Most of the absorbance at 280 nm comes from aromatic residues, especially tryptophan (W) and tyrosine (Y). Disulfide-linked cystines also contribute slightly. Because these features can be counted from sequence, a useful approximation of the molar extinction coefficient can be calculated before you even purify the protein.
Formula used in this calculator
This tool uses the classical empirical relationship:
ε280 = 5500 × n(W) + 1490 × n(Y) + 125 × n(cystine)
- n(W) = number of tryptophan residues
- n(Y) = number of tyrosine residues
- n(cystine) = number of disulfide bonds (not free cysteines)
The resulting units are M-1cm-1. If concentration and path length are known, absorbance is estimated with Beer-Lambert law: A = εcl.
Reduced vs oxidized protein
If your sample is strongly reducing (for example, contains DTT or TCEP), most cysteines are not in disulfides. In that case set disulfide bonds to zero. If the protein is secreted or known to contain stable disulfides, enter the expected number of cystine pairs for better accuracy.
How to use the calculator
- Paste a protein sequence in one-letter amino acid code.

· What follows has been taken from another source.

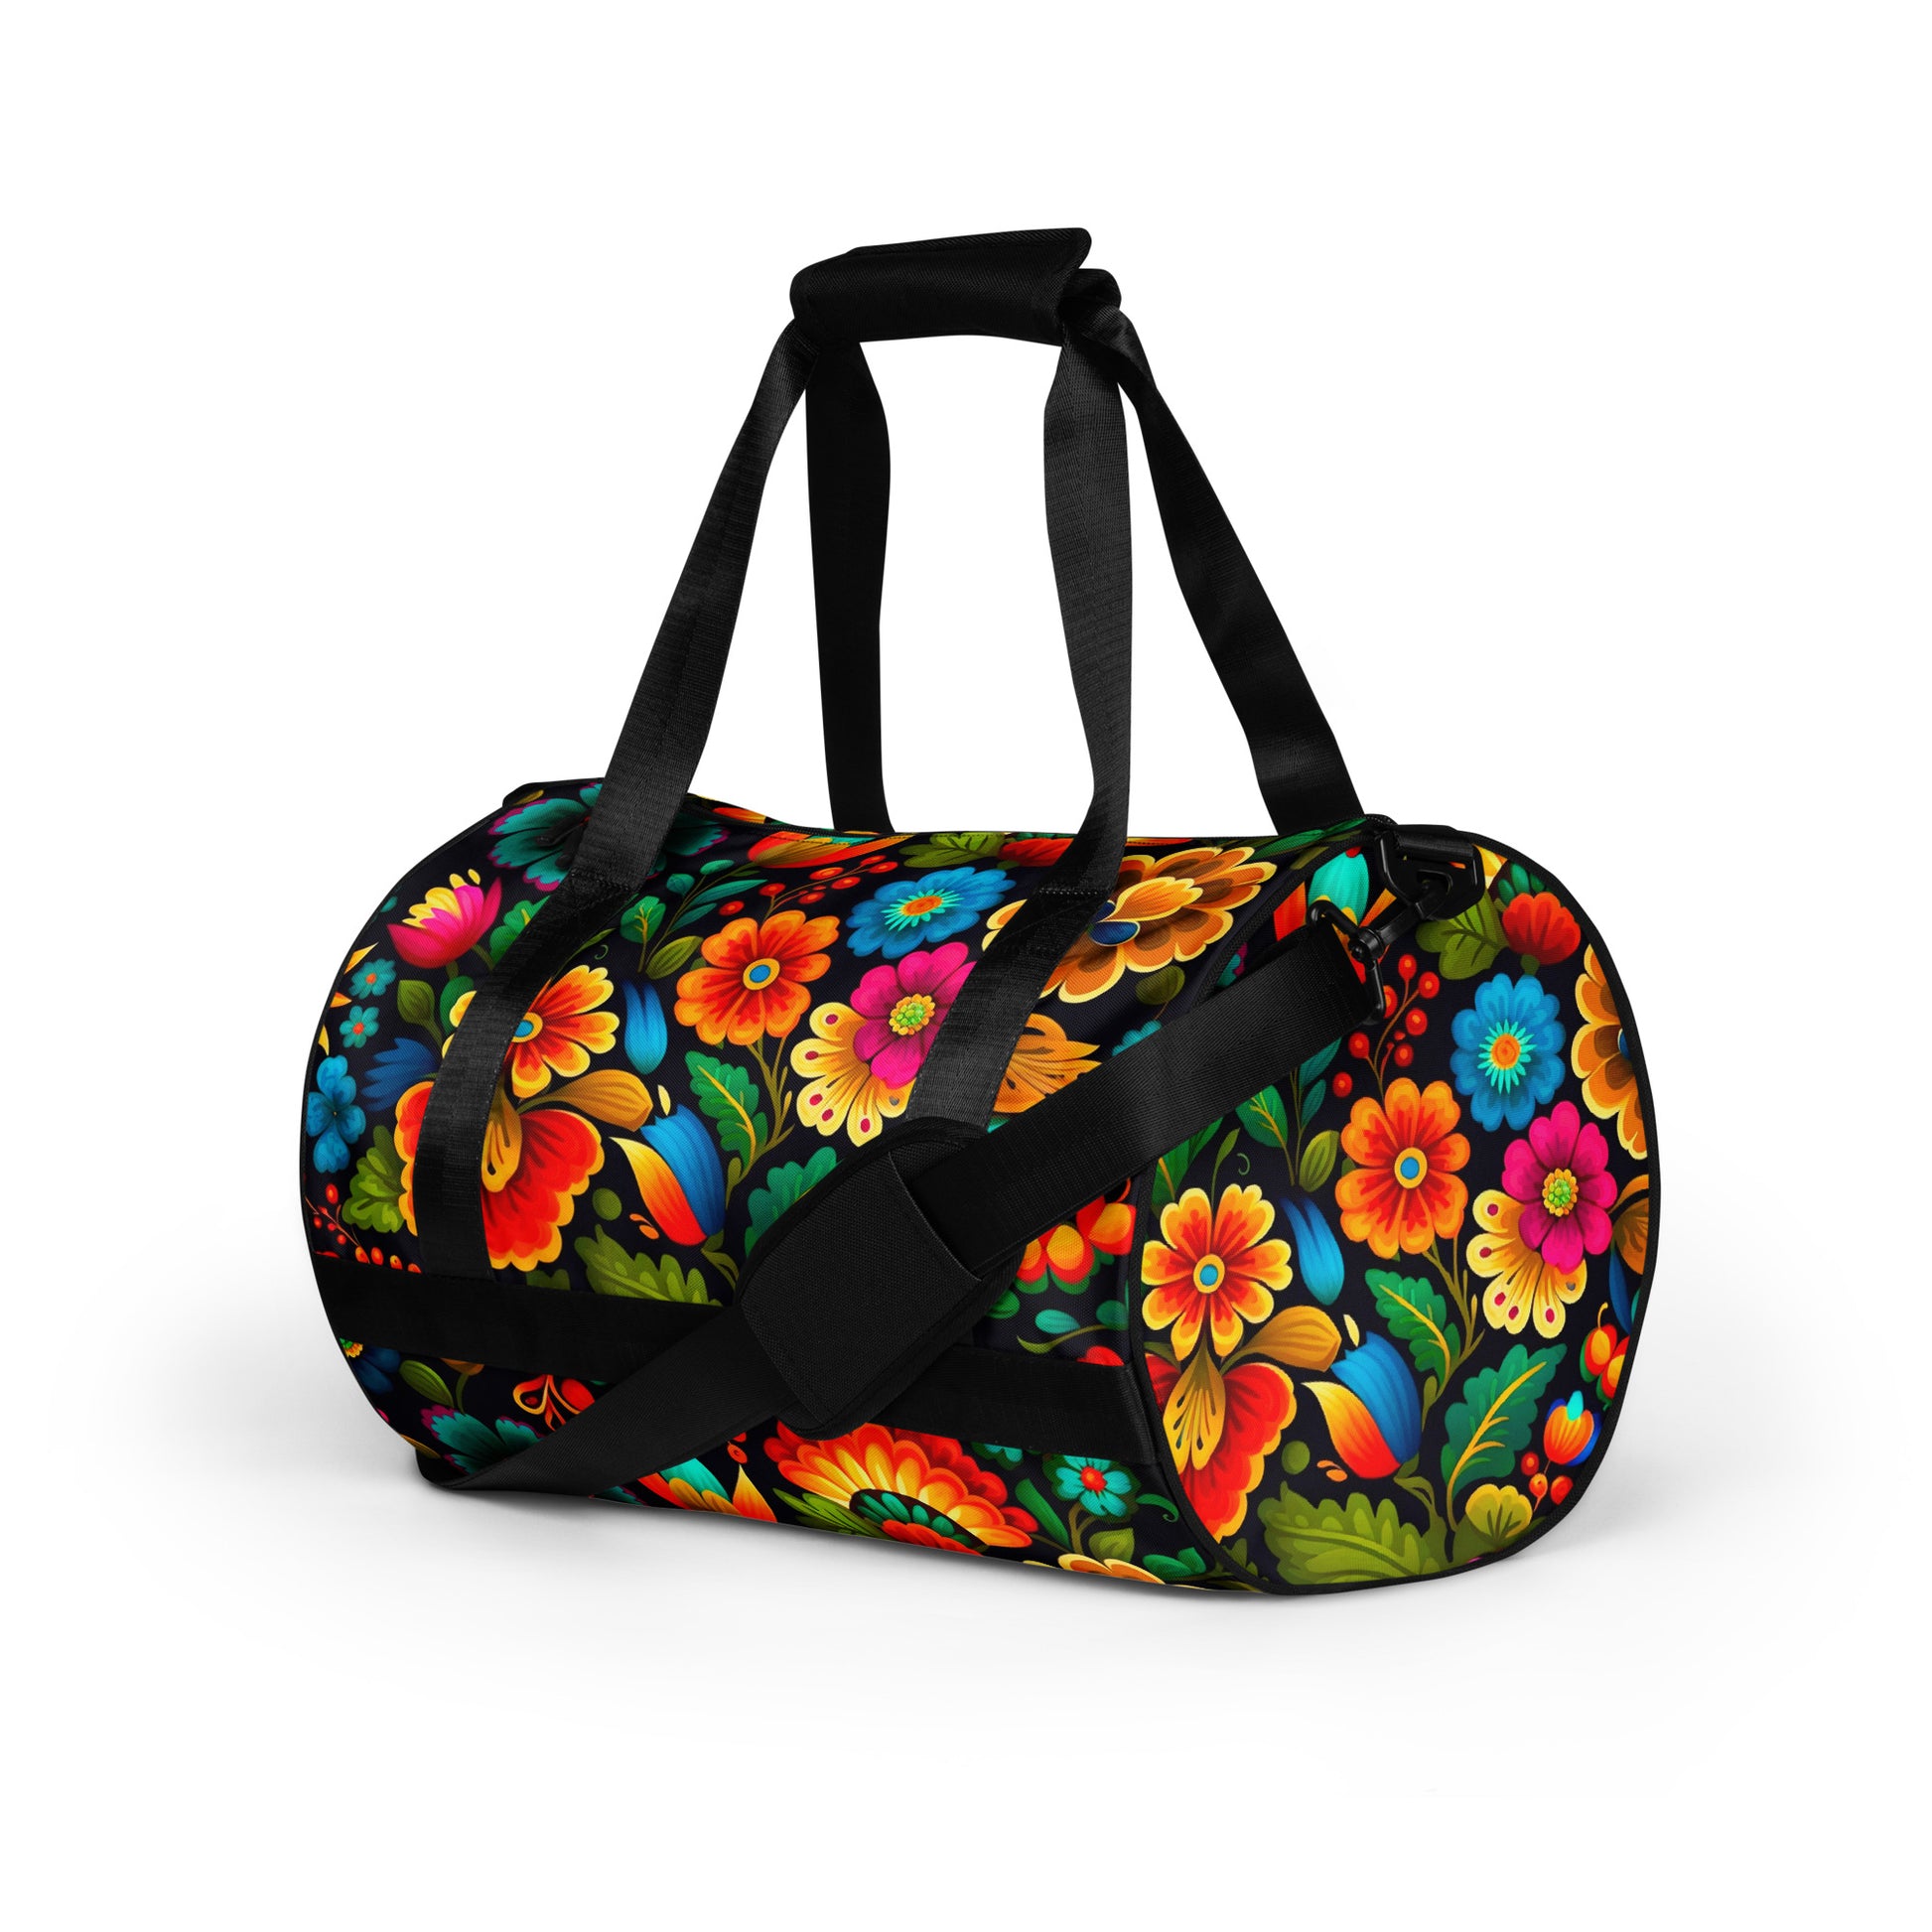 Colorful Spanish Floral All-over print gym bag CedarHill Country Market

- Enter how many disulfide bonds are expected in your folded/oxidized state.
- Optionally enter concentration (µM) and path length to predict A280.

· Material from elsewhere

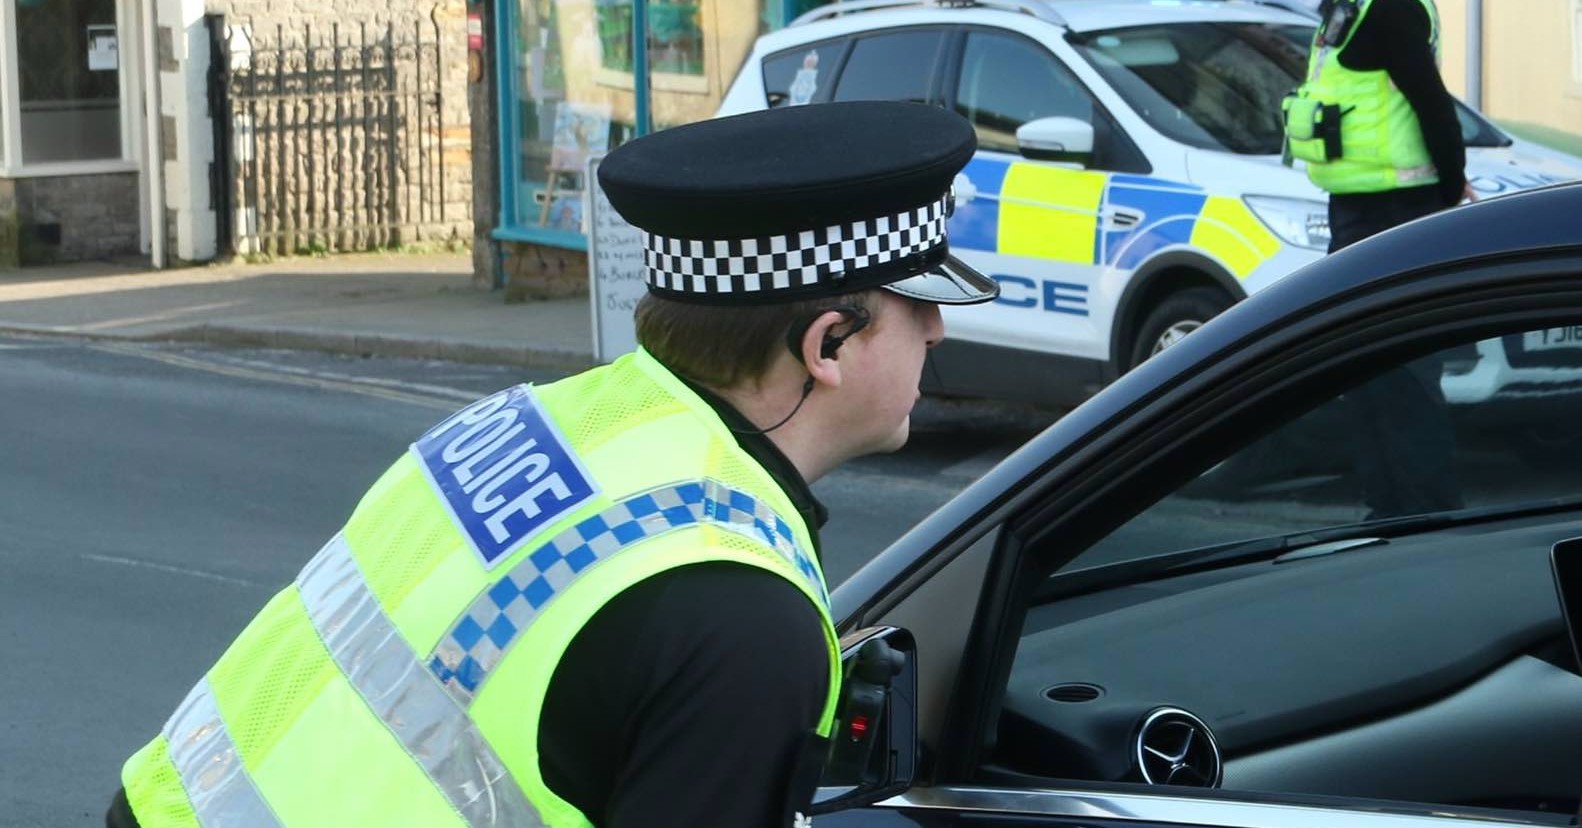 North Yorkshire Police speak to a driver.

- Optionally provide molecular weight to get mass extinction coefficient.
- Click Calculate to view residue counts, ε280, and derived values.
Example
Suppose your sequence has 2 Trp, 5 Tyr, and 1 disulfide bond. Then:
ε280 = (5500 × 2) + (1490 × 5) + (125 × 1) = 18,575 M-1cm-1
At 20 µM in a 1 cm cuvette, predicted absorbance is: A280 = 18,575 × 20×10-6 × 1 = 0.372
Quick interpretation guide
| Range of ε280 (M-1cm-1) | Typical interpretation |
|---|---|
| < 5,000 | Low aromatic content; UV quantification may be less sensitive. |
| 5,000 – 30,000 | Common range for many soluble enzymes and domains. |
| > 30,000 | High aromatic content or larger proteins; usually strong UV signal. |
Practical lab tips for better A280 quantification
- Blank with the exact buffer used for your protein sample.
- Avoid nucleic acid contamination; DNA/RNA absorb strongly near 260 nm and can skew readings.
- Keep absorbance in the linear instrument range (often around 0.1 to 1.0).
- Use accurate path length, especially in microvolume spectrophotometers.
- Remember that sequence-based values are estimates; validate experimentally when precision matters.
Frequently asked questions
Why is my predicted extinction coefficient near zero?
Proteins with few or no Trp/Tyr residues can have very low absorbance at 280 nm. In such cases, consider alternative quantification methods (BCA, Bradford, amino acid analysis, or absorbance at other wavelengths if relevant).
Should I count all cysteines as disulfides?
No. Only cysteine residues that form disulfide bonds contribute as cystine. Free thiols do not receive the +125 term.
Is this calculator valid for peptides?
Yes, as long as sequence is known. For very short peptides, measurement uncertainty can dominate, so verify with standards.